• _WORK TO COMPLETE_:
When you restate the data, keep every word as it is and drop the images.

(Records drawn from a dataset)
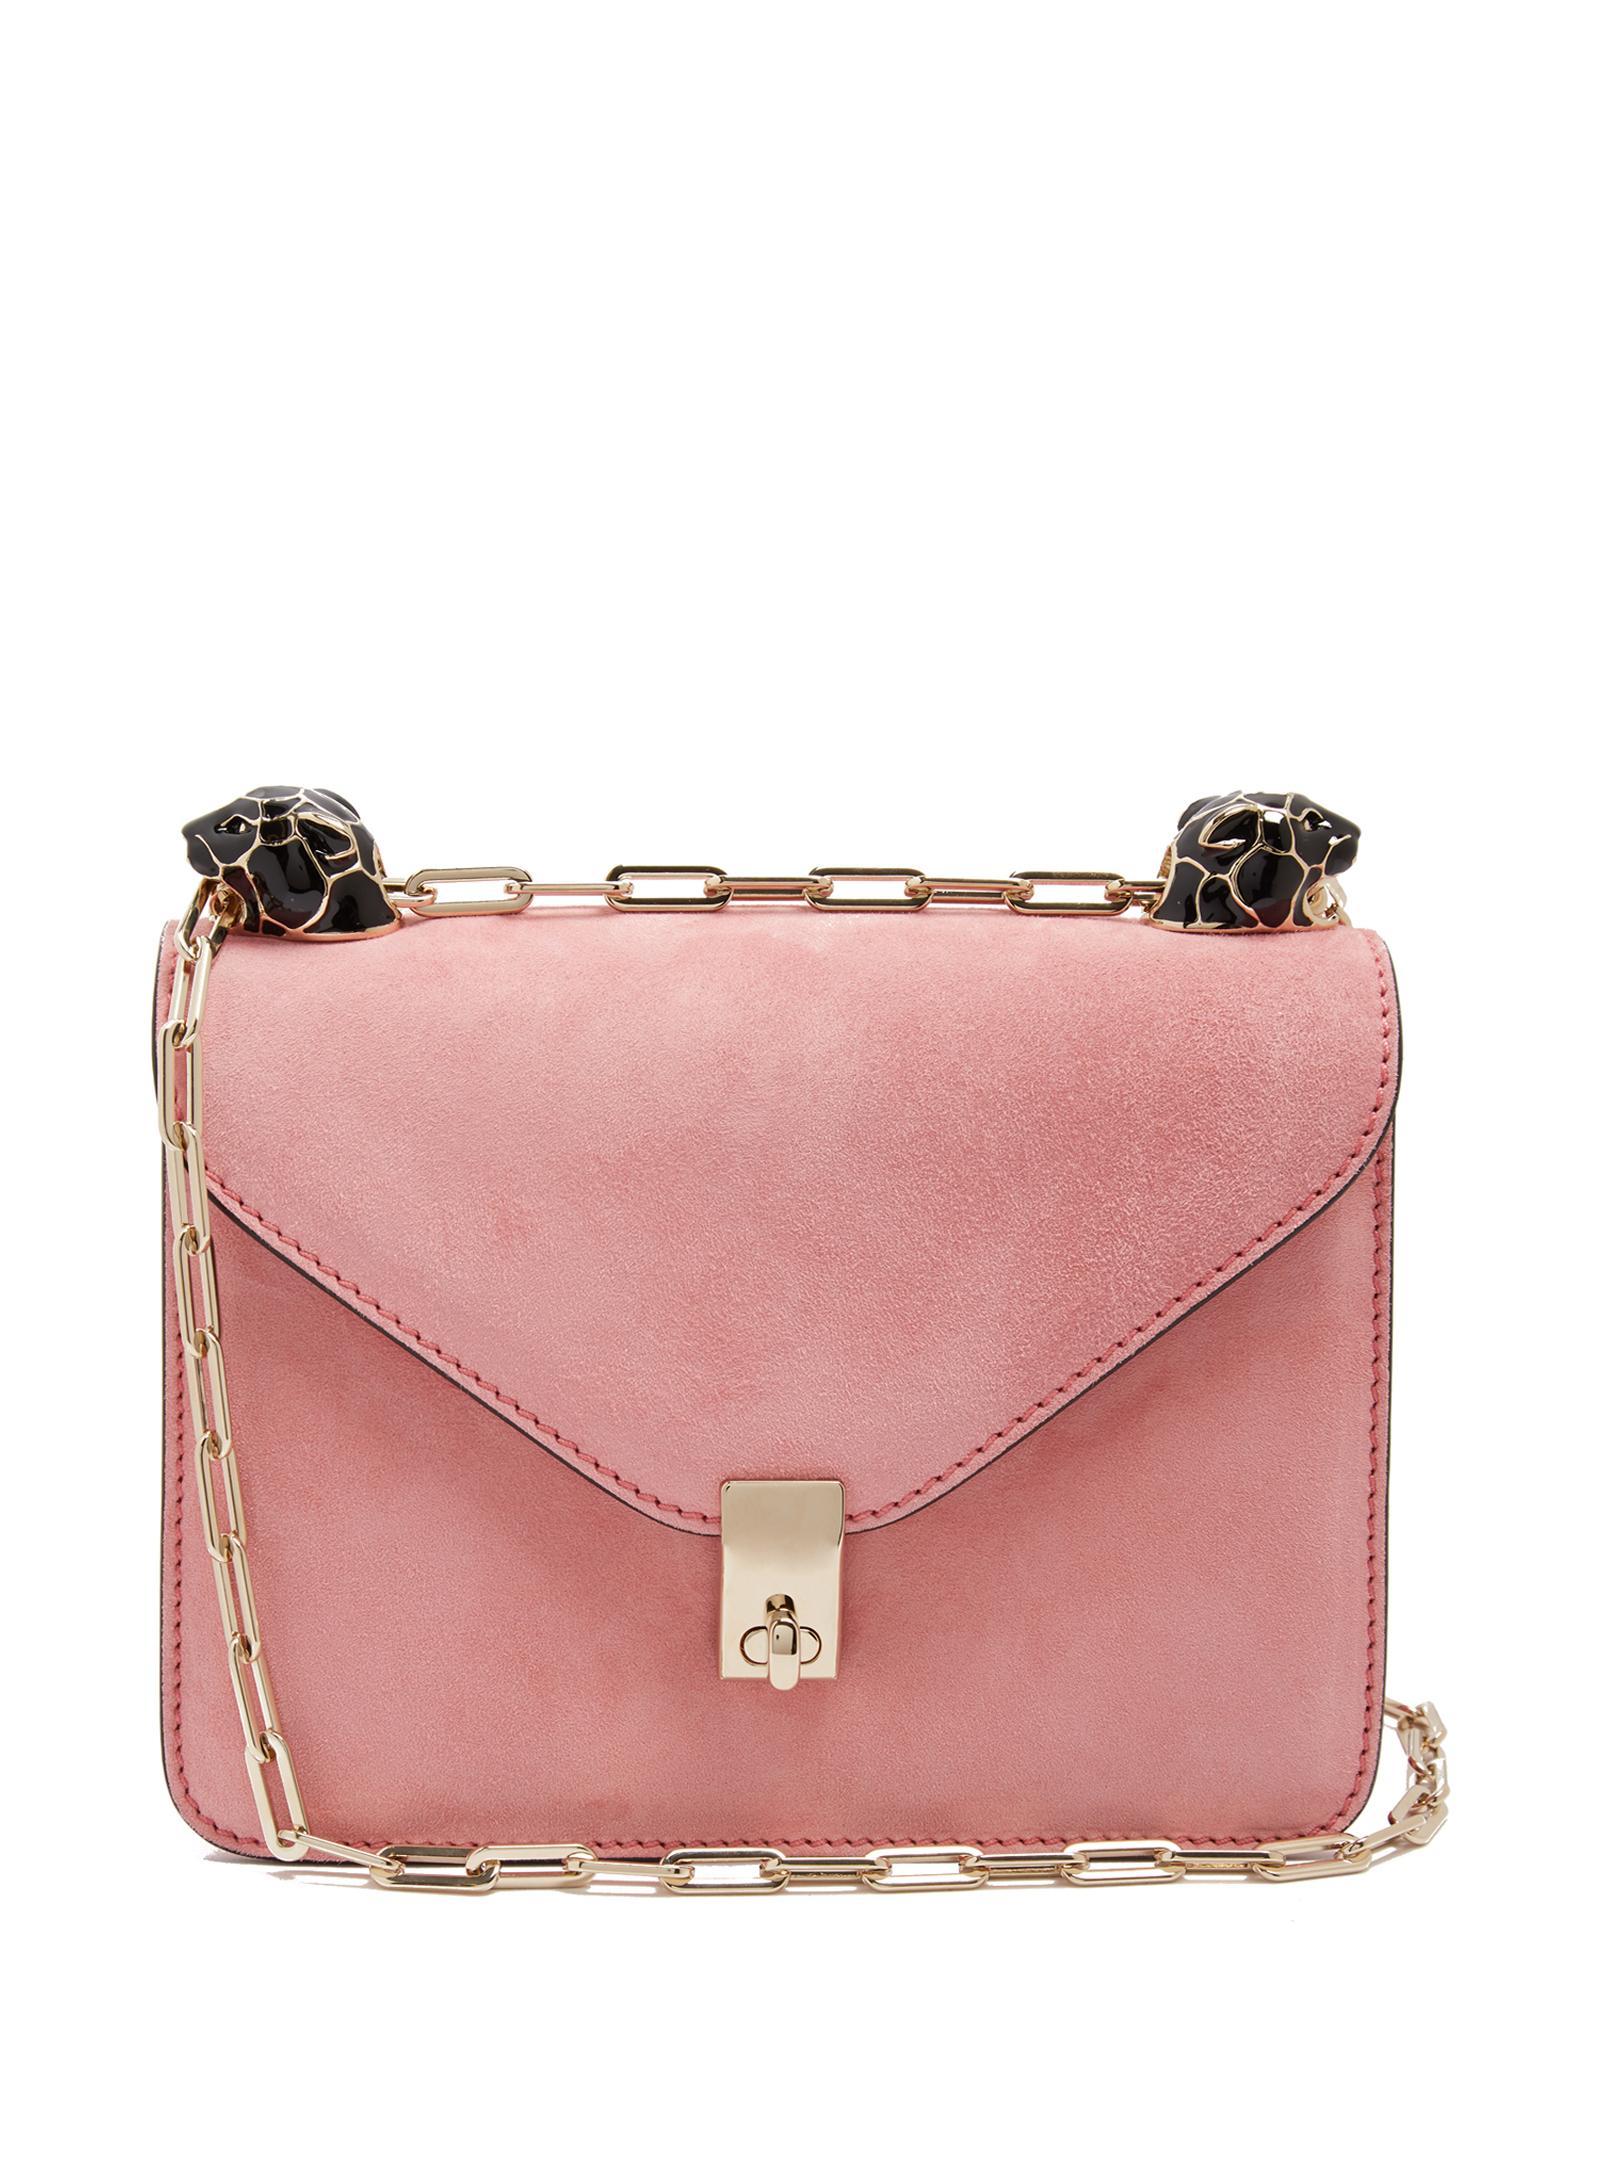 cd8e1f54f55 Valentino Panther-embellished Suede Shoulder Bag in Pink - Lyst
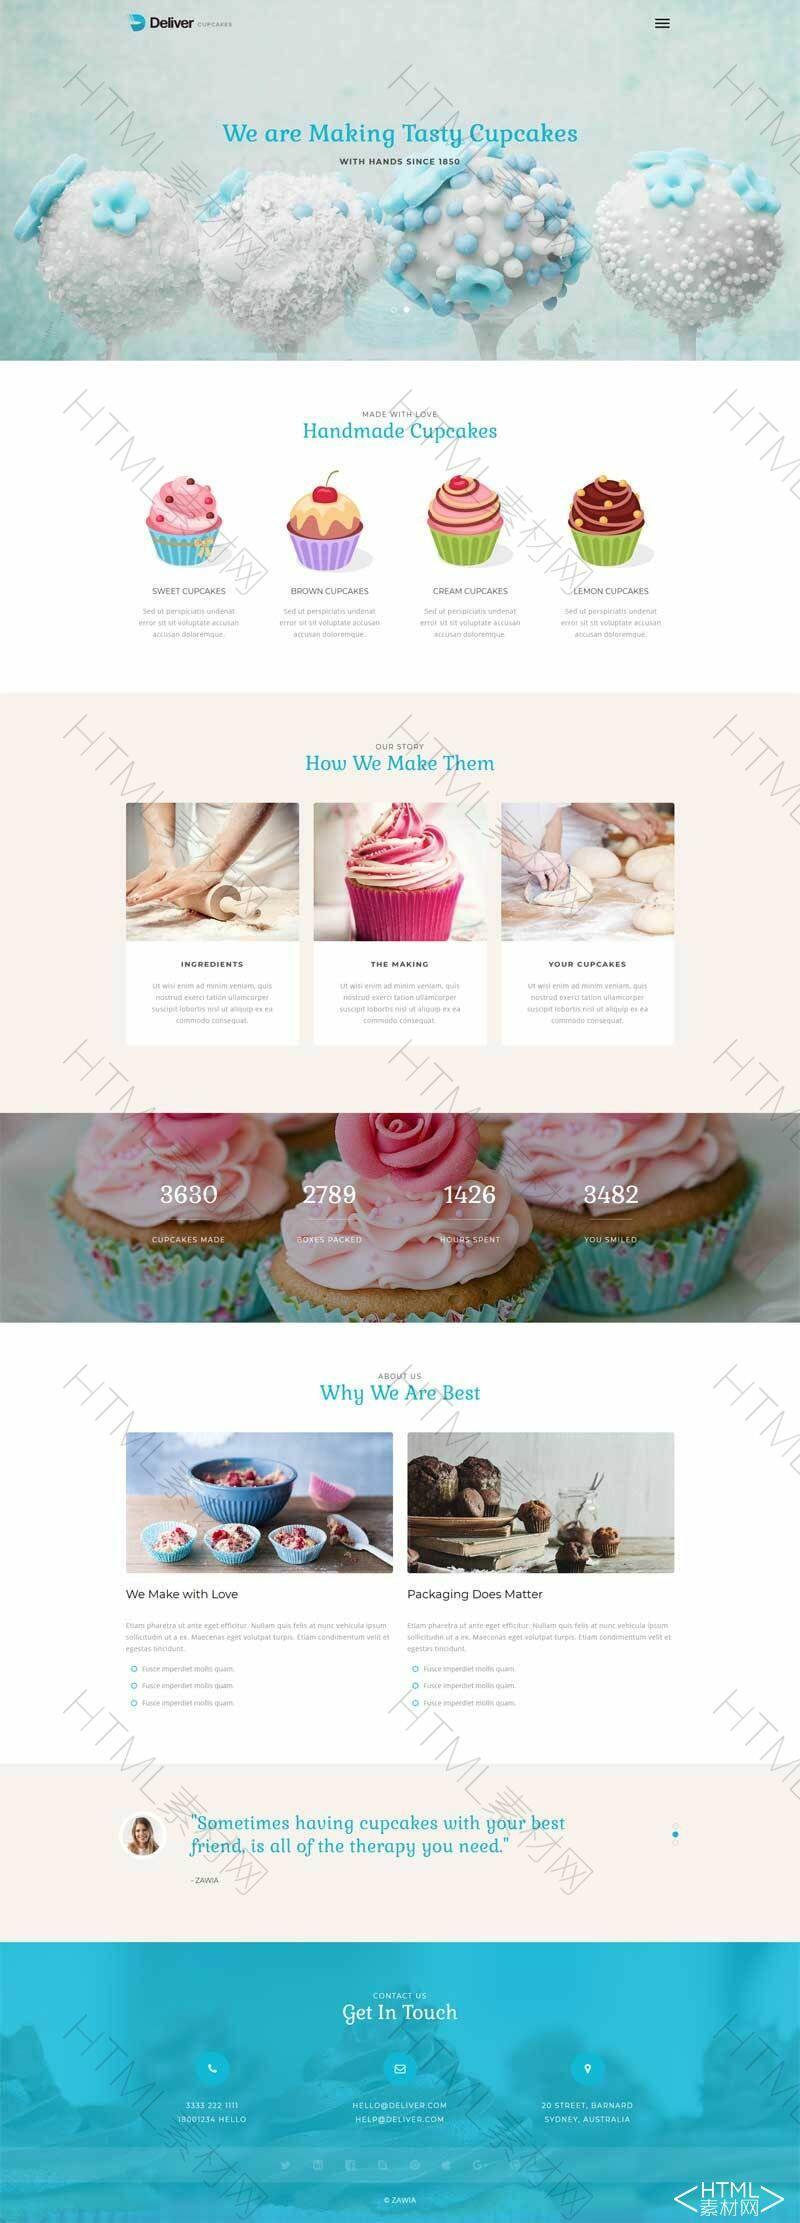 简洁大气的蛋糕甜品店网站模板.jpg
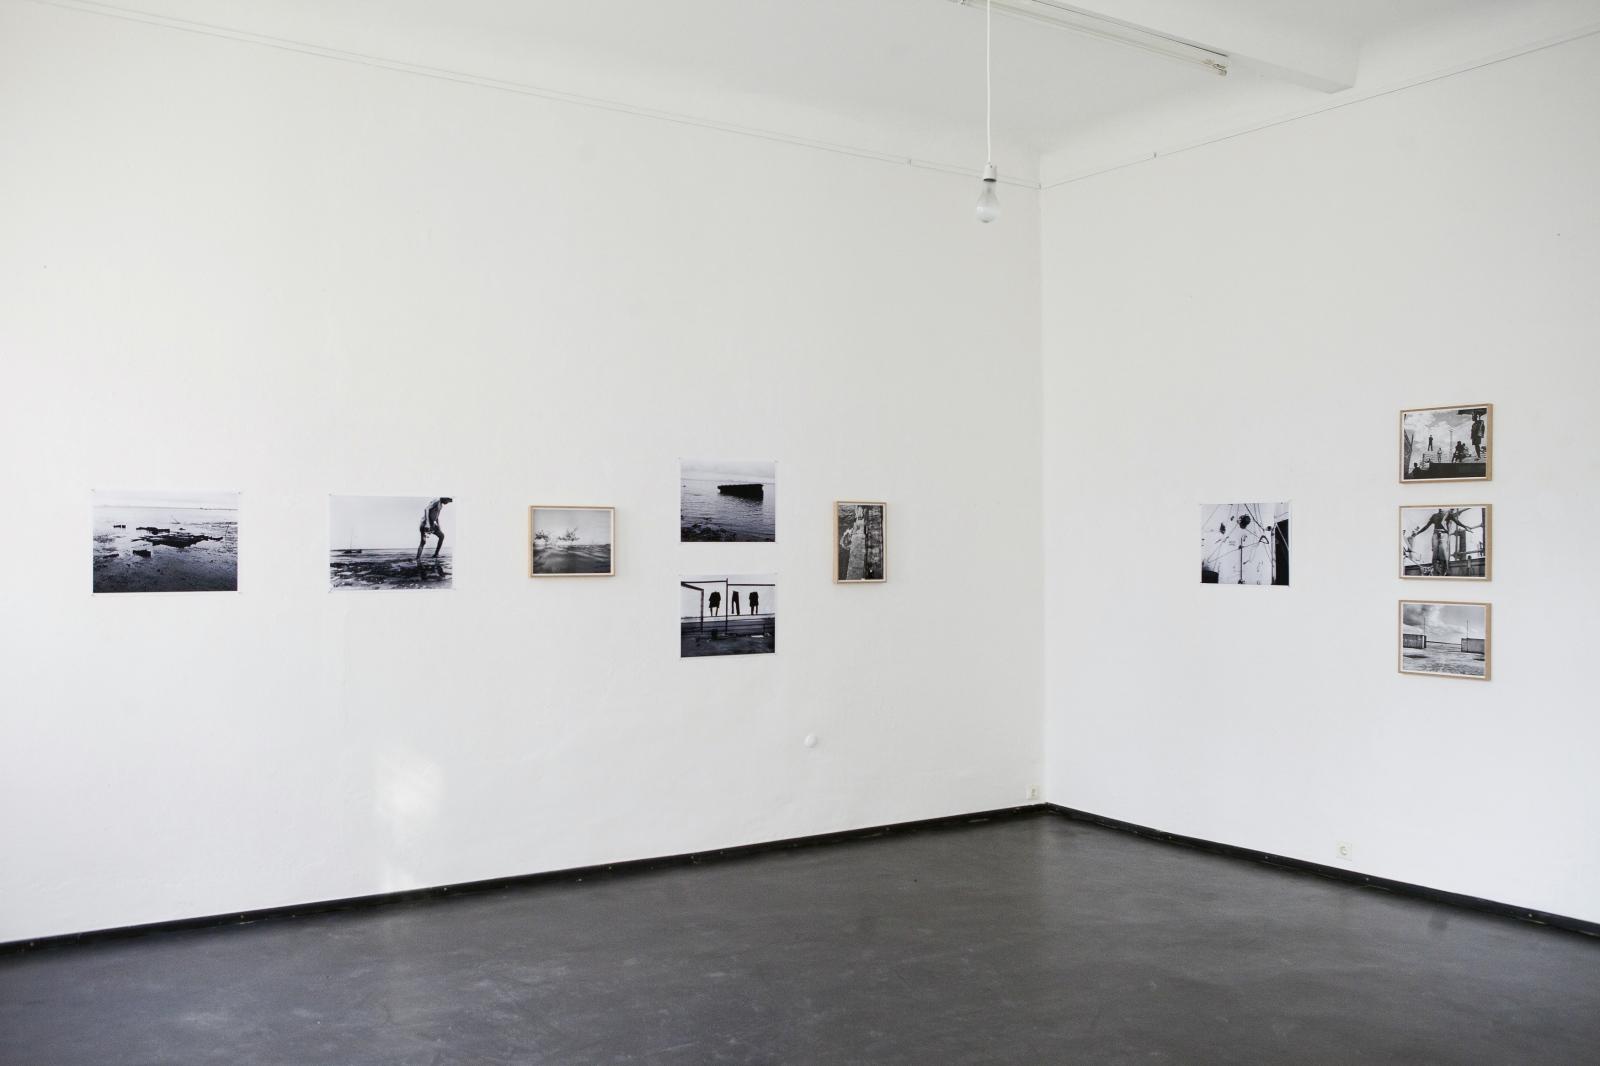 Kunststiftung Poll Gallery, Berlin. (Residues)
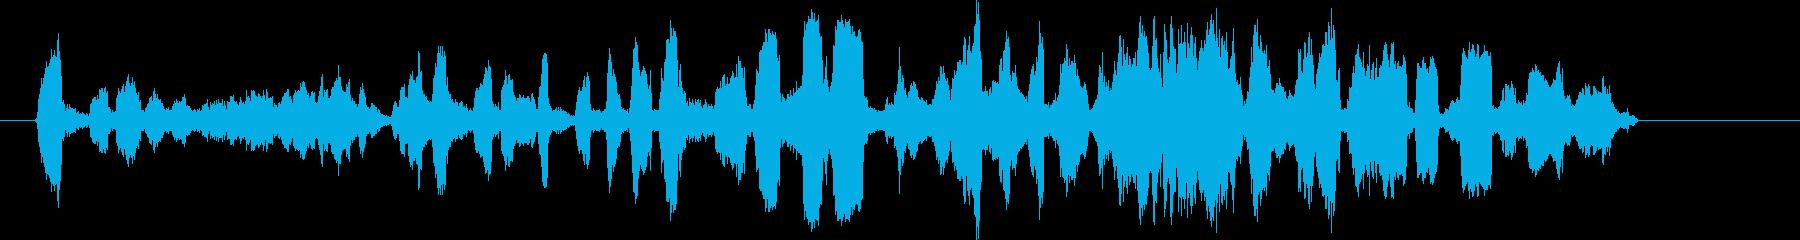 カワウソ、小さな爪の鳴き声、叫び声...の再生済みの波形
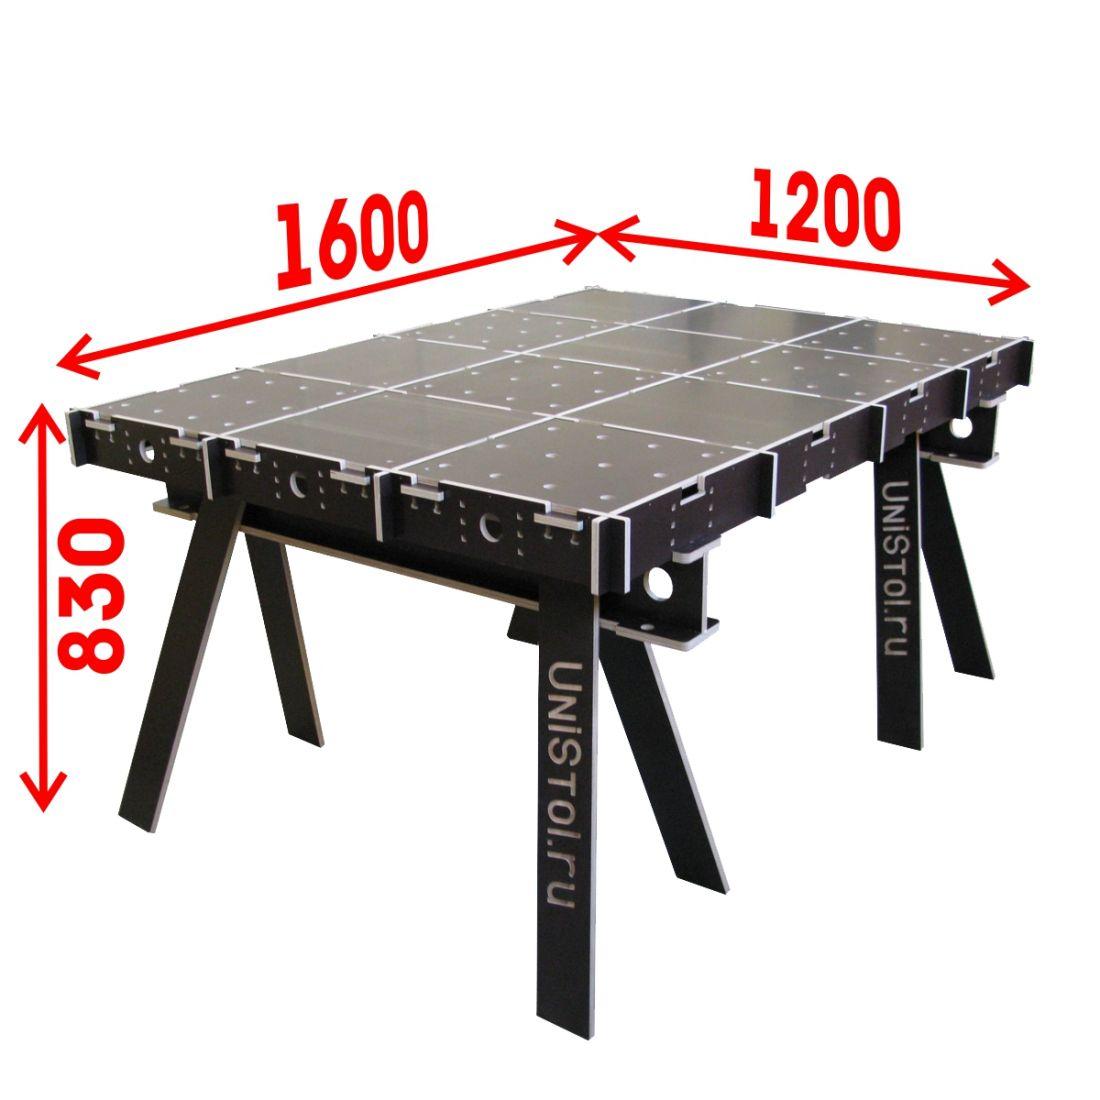 Ячеистый стол для раскроя листовых материалов 1200x1600 мм со столешницой

• _SOLUTION_:
 cd8e1f54f55 Valentino Panther-embellished Suede Shoulder Bag in Pink - Lyst
 简洁大气的蛋糕甜品店网站模板.jpg
 Kunststiftung Poll Gallery, Berlin. (Residues)
 カワウソ、小さな爪の鳴き声、叫び声...の再生済みの波形
 Ячеистый стол для раскроя листовых материалов 1200x1600 мм со столешницой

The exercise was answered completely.